“The difference between a good business and a bad business is that good business throw up one easy decision after another. The bad businesses throw up painful decisions time after time.”
We all want to know how to improve our investment decision making. How do we develop a better understanding of a company, its future, and present, its products? Over the years I have read all the Letters to Shareholders of Berkshire Hathaway. I have read most of the books and articles on Warren Buffett, and his mentor Benjamin Graham, and his partner Charlie Munger. I have also listened to hours of audio from interviews via Youtube. All in the effort to gain insights into how Warren Buffett developed their “framework” for investment decisions. And how they arrive at a winning investment decision.
During my research, I came across an interview that Charlie Munger gave to the BBC which discusses his thoughts on how a framework for making better decisions when making investment decisions. You can find the video here. The comments that we will be discussing occur at 5:59 of the video.
The framework is called the Four Filters, and it first appeared in the 1977 Letters to Shareholders in this form.
“We select our marketable securities in much the same way we would evaluate a business for acquisition in its entirety. We want the business to be (1) one that we can easily understand, (2) with favorable long-term prospects, (3) operated by honest and competent people, and (4) available at an attractive price.”
Warren and Charlie have repeated this outline over the years, and they have utilized it to help frame all of their investment decisions.
Warren and Charlie invented an investment formula that is underappreciated by the business community. This formula is a guideline that is followed by arguably the most successful investors of our generation. It deserves to be studied more thoroughly than it has thus far.
The formula is an innovation that uses both quantitative and qualitative properties to help ensure that we find the best investments and avoid making painful mistakes. If you follow the framework, it will help you raise the odds of your investment success.
Here are Charlie’s comments from the BBC interview.

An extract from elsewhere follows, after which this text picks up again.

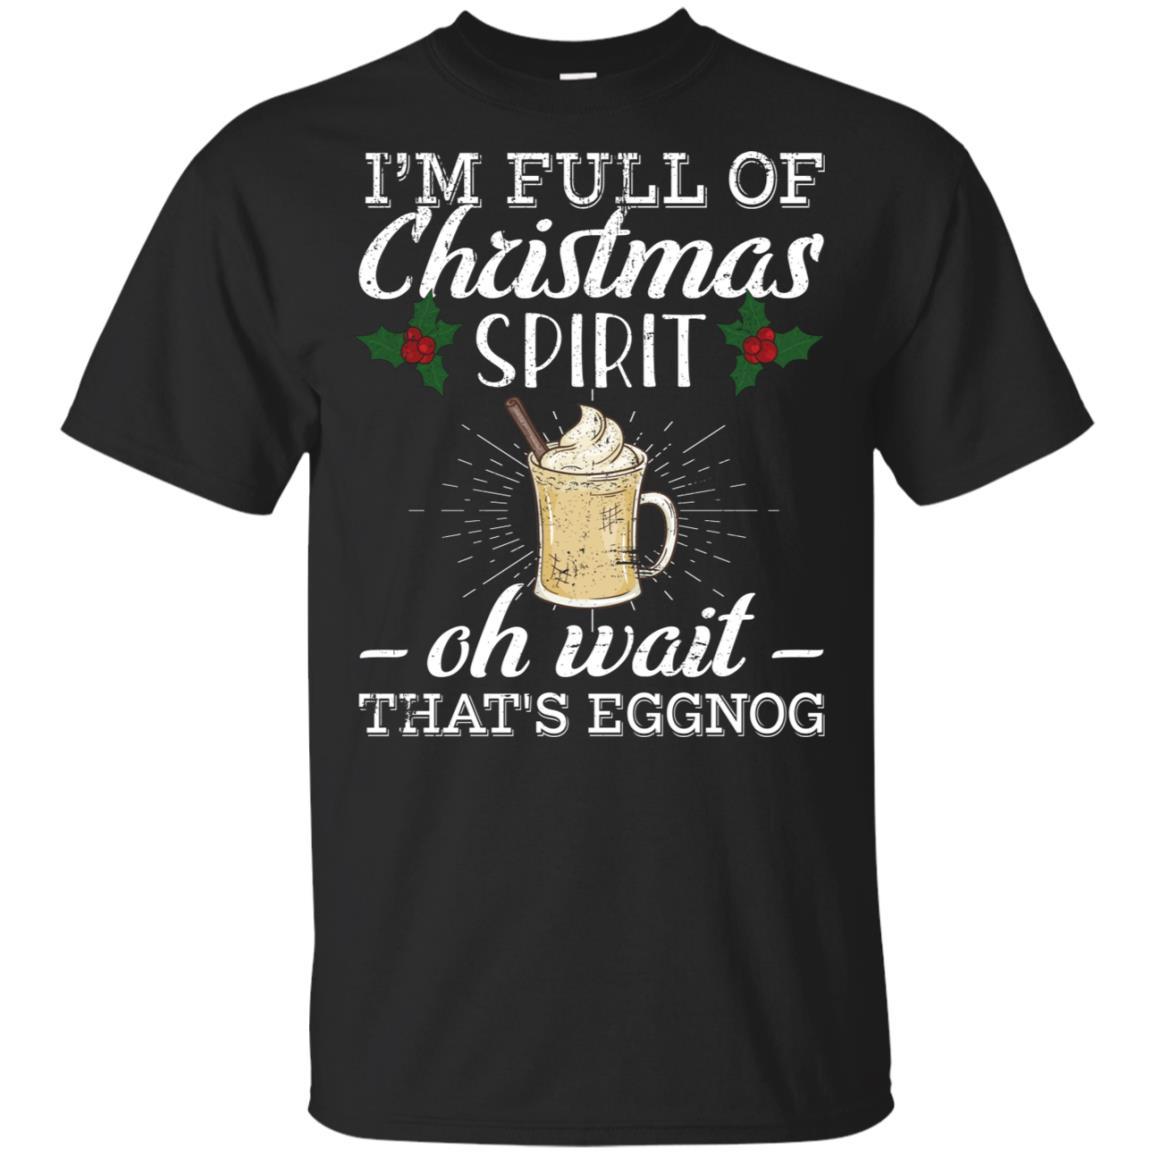 I'm Full of Christmas Spirit Oh Wait That's Eggnog - -2 Unisex Short Sleeve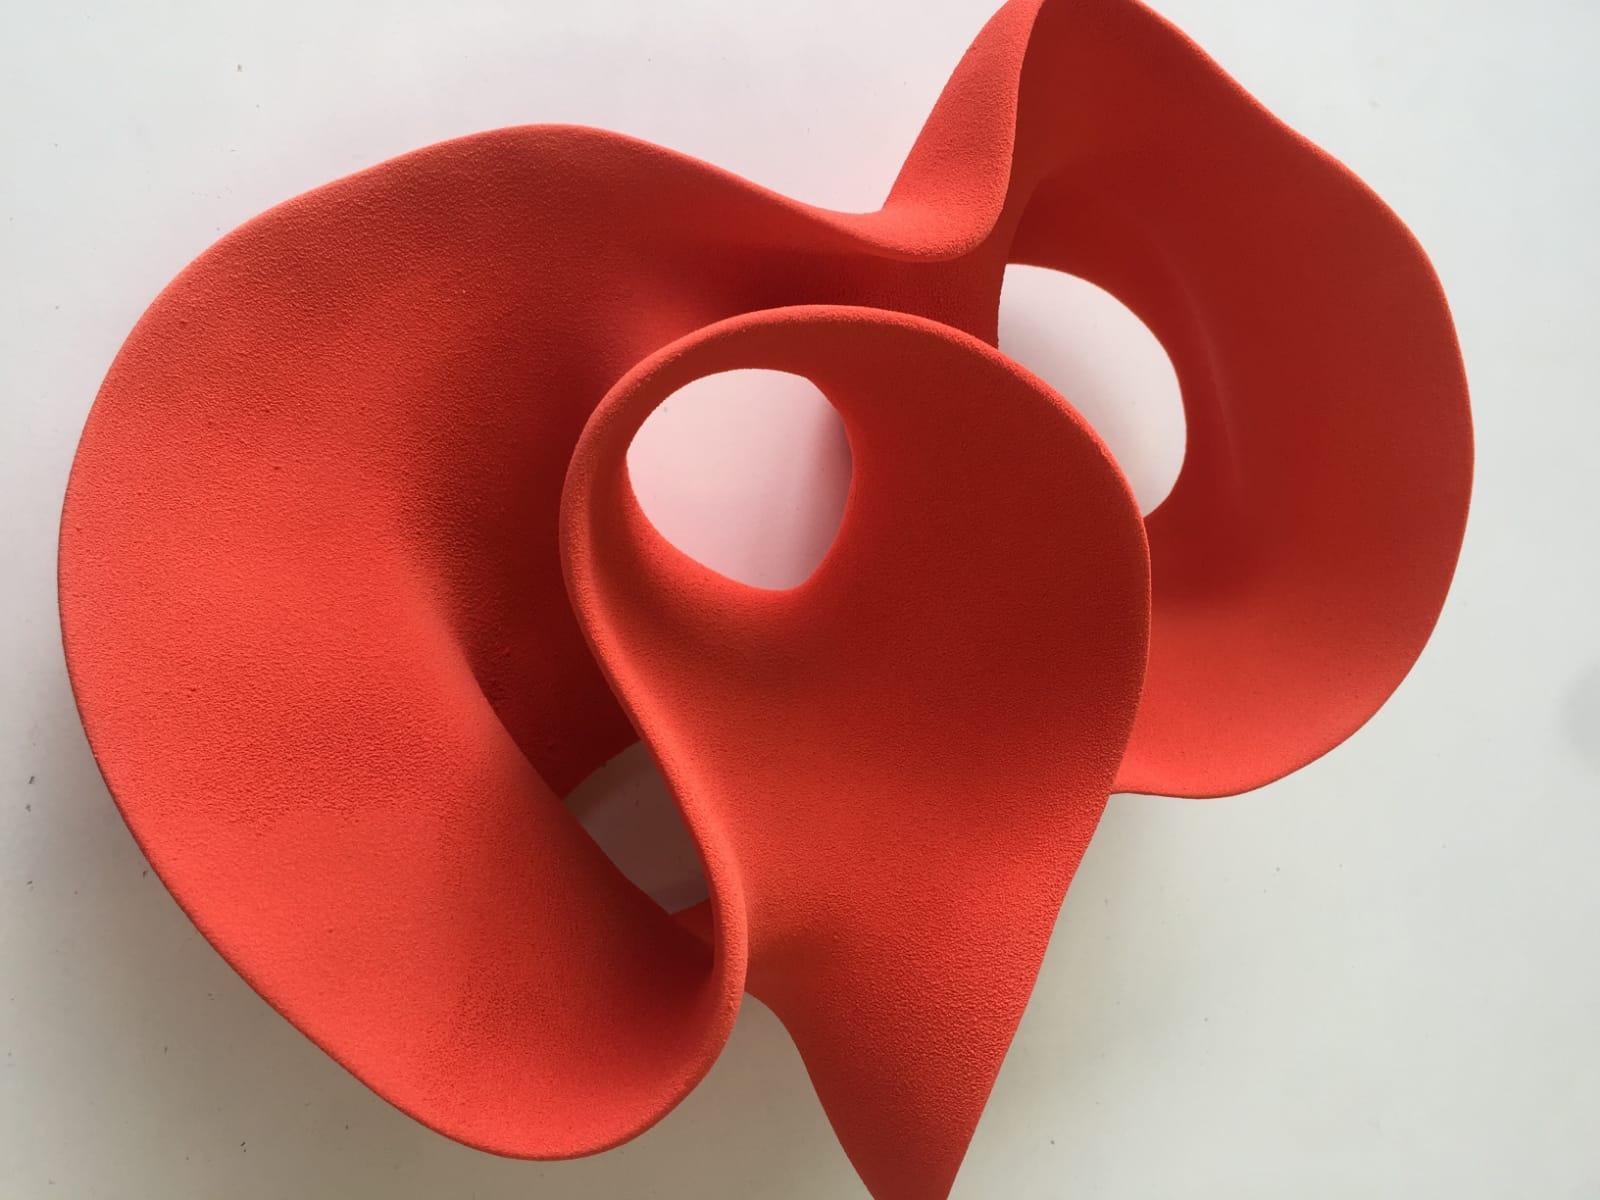 Sculptuur zomerexpositie Sille Gallery Liliane Demeester

“We have to deal with things that we are capable of understanding, and then, once we are over that filter we need to have a business with some characteristics that give us a durable competitive advantage and then, of course, we would vastly prefer management in place with a lot of integrity and talent and finally, no matter how wonderful it is, it’s not worth an infinite price. We have to have a price that makes sense and gives us a margin of safety considering the normal vicissitudes of life.”
You can find the transcript here.
Filter number one: Develop an understanding of the business.
Warren Buffett said it perfectly. “Seek whatever information will further your understanding of the business.”
Charlie is a huge proponent of developing checklists to help him make better decisions, for each company, he develops a checklist to keep him on track. The reason for a different checklist is that every company is different and have different guidelines to follow.
Charlie developed a system of “latticework of mental models” to help him sort through his thoughts and ideas. He used these models to help him think better.
Munger has come to the conclusion that to make better decisions in business and life you need to find and understand the core principles from all disciplines.
In short, learn all the big ideas and how the interrelate and better, more rational thinking will naturally follow.
That is what he calls Elementary Worldly Wisdom, and using his Mental Models can help you succeed in almost any endeavor. This topic could be a blog post on its own but for our purposes today, let’s consider that Munger uses these models to help him understand a business more fully so that he can make a decision about whether or not to invest in it.
So how does this help us understand a company?
Step one is to read, read, read all that you can about the company. Shareholder letters, letters from the CEO, 10k filings, 10Q filings. Go to the website and read about all of their products. Look at any references to competitors and read about them. Just about every industry has a newsletter or magazine that follows that particular industry, read those publications for knowledge about the different trends, products, and services that other companies offer.
We do this to get a better understanding of how the company operates, what they produce and who they sell it too. Think about anything you buy for your personal use. Do you buy a cell phone you don’t understand how to use? No way. Think about how these types of decisions affect our buying habits.
These are the types of information we need to digest as we learn more about a particular company. I will give you an example; recently I was looking at a company that produces railroad cars. A pretty simple straightforward business but I noticed something in a 10k that I was reading that mentioned that they were solely dependent on steel as their main resource they used in all of their products. That got me to thinking about the price of steel and how it could affect their business, so I researched more about that particular field because I knew nothing about steel. I came to learn that steel is an extremely volatile commodity that has huge price swings, which would obviously affect this company I was researching. And sure enough, as I learned more about steel pricing and tracked the downturns in steel I noticed that coincided with a downturn in the price of the company.
The first step when looking into a company is to look at their website to get a feel for the company and what they do. Look at their product list and see if they are things you understand.
The second step is to read the 10k filings. These are incredibly important documents and very insightful looks into the minds of the people who run the businesses. It is also a great place to learn more about the company and give you a rundown of what they do. If after reading the first part of the 10k outlining the business and you don’t understand it, move on.
If you do understand the business, then continue looking at the financial filings.
When you read the company’s 10k reports you need to go back at least five years; the same goes for the 10q reports as well. Read them from the oldest to the more recent. It gives you a feel for the flow of the business, how the management handles their decisions and following through with their stated agendas. You can also learn a lot from the tenor of the reports as well.